Goal of the exercise
Repeat the listing below word for word, minus the pictures.

Source data
= = = = =

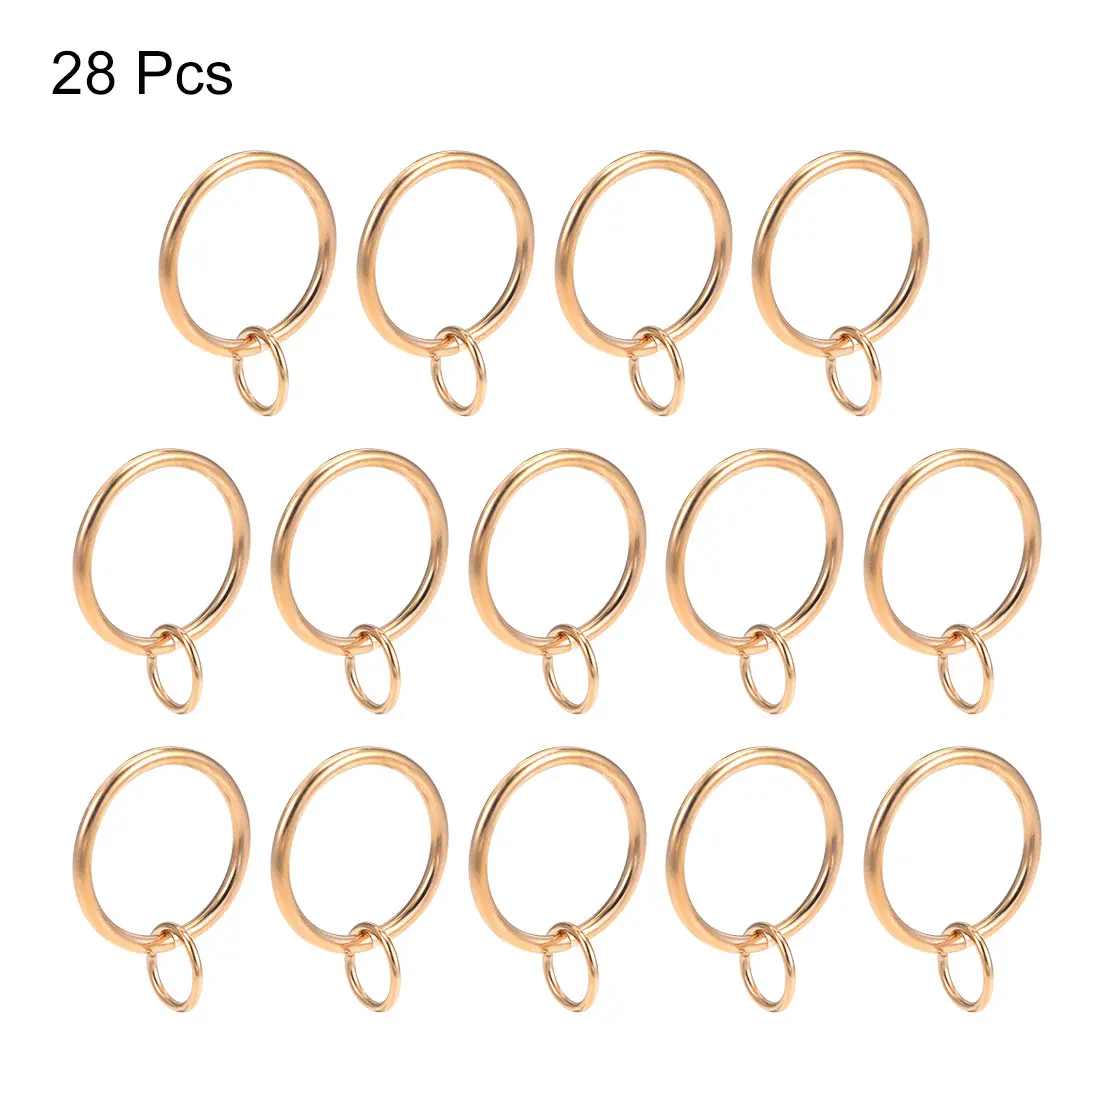 

Uxcell 28Pcs Curtain Rings Metal 32mm Inner Dia Drapery Ring Light Gold Tone for Holding Curtains and Window Curtains
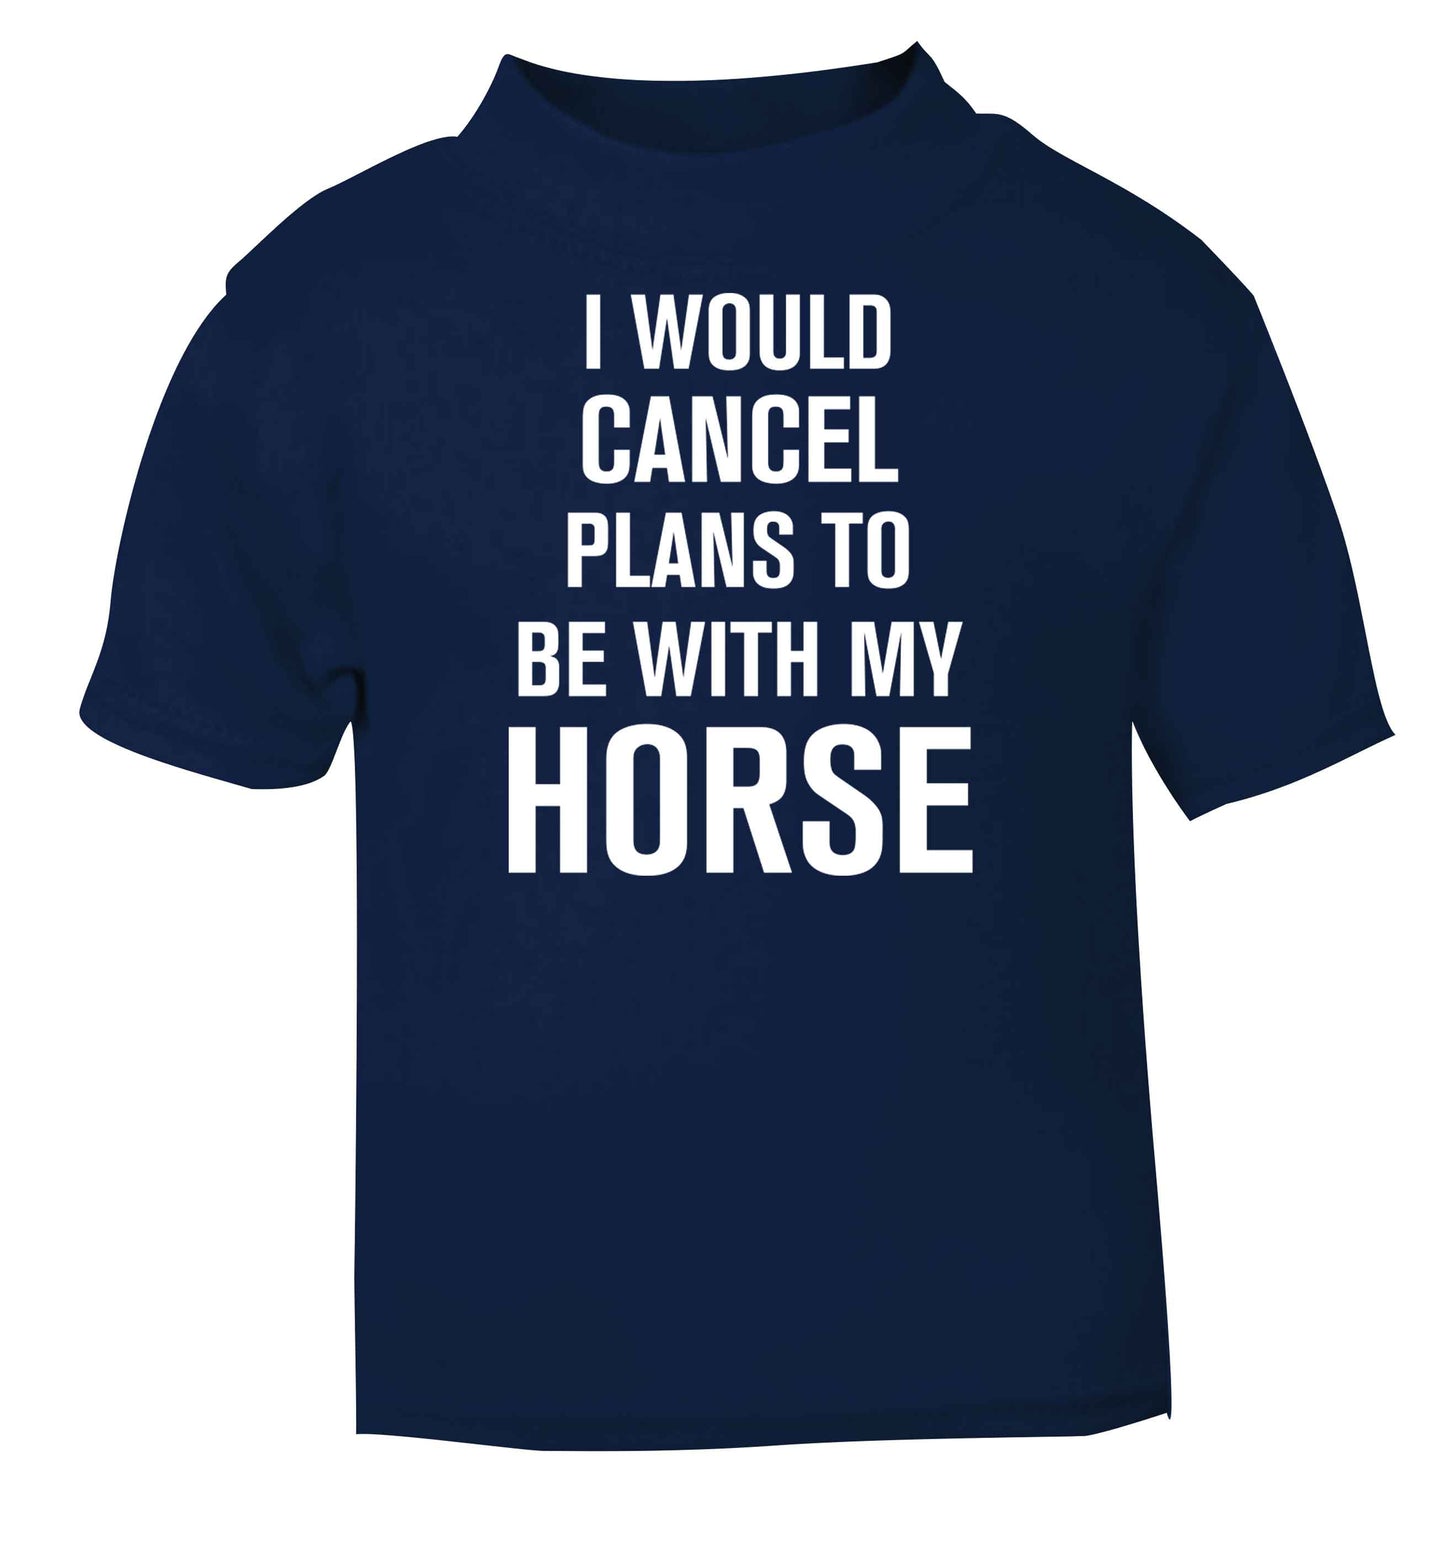 I will cancel plans to be with my horse navy baby toddler Tshirt 2 Years
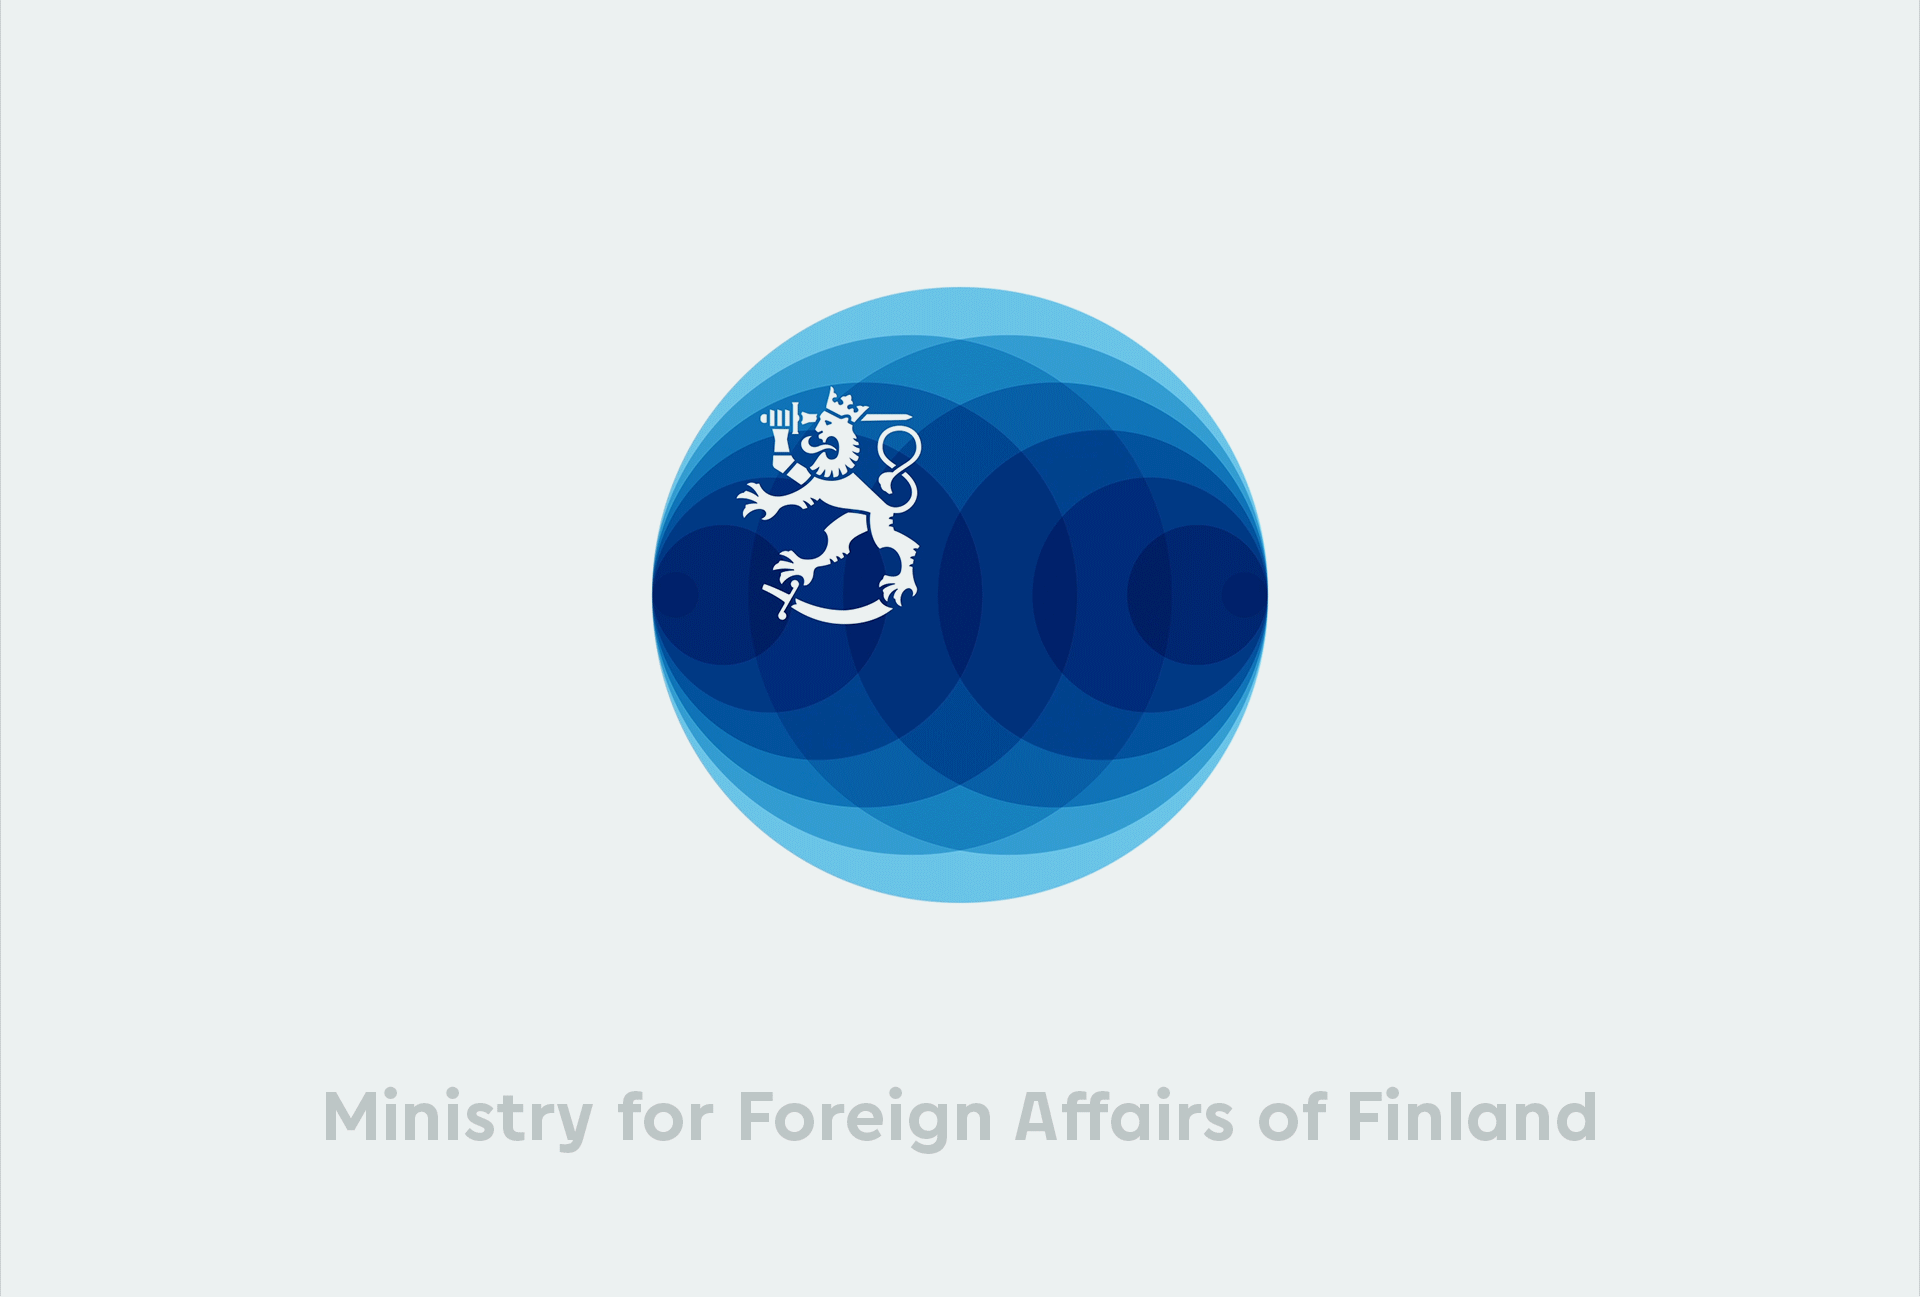 New Logo and Identity for Ministry for Foreign Affairs of Finland by 358

= = = = =

Result of this exercise
Uxcell 28Pcs Curtain Rings Metal 32mm Inner Dia Drapery Ring Light Gold Tone for Holding Curtains and Window Curtains
 I will cancel plans to be with my horse navy baby toddler Tshirt 2 Years
 New Logo and Identity for Ministry for Foreign Affairs of Finland by 358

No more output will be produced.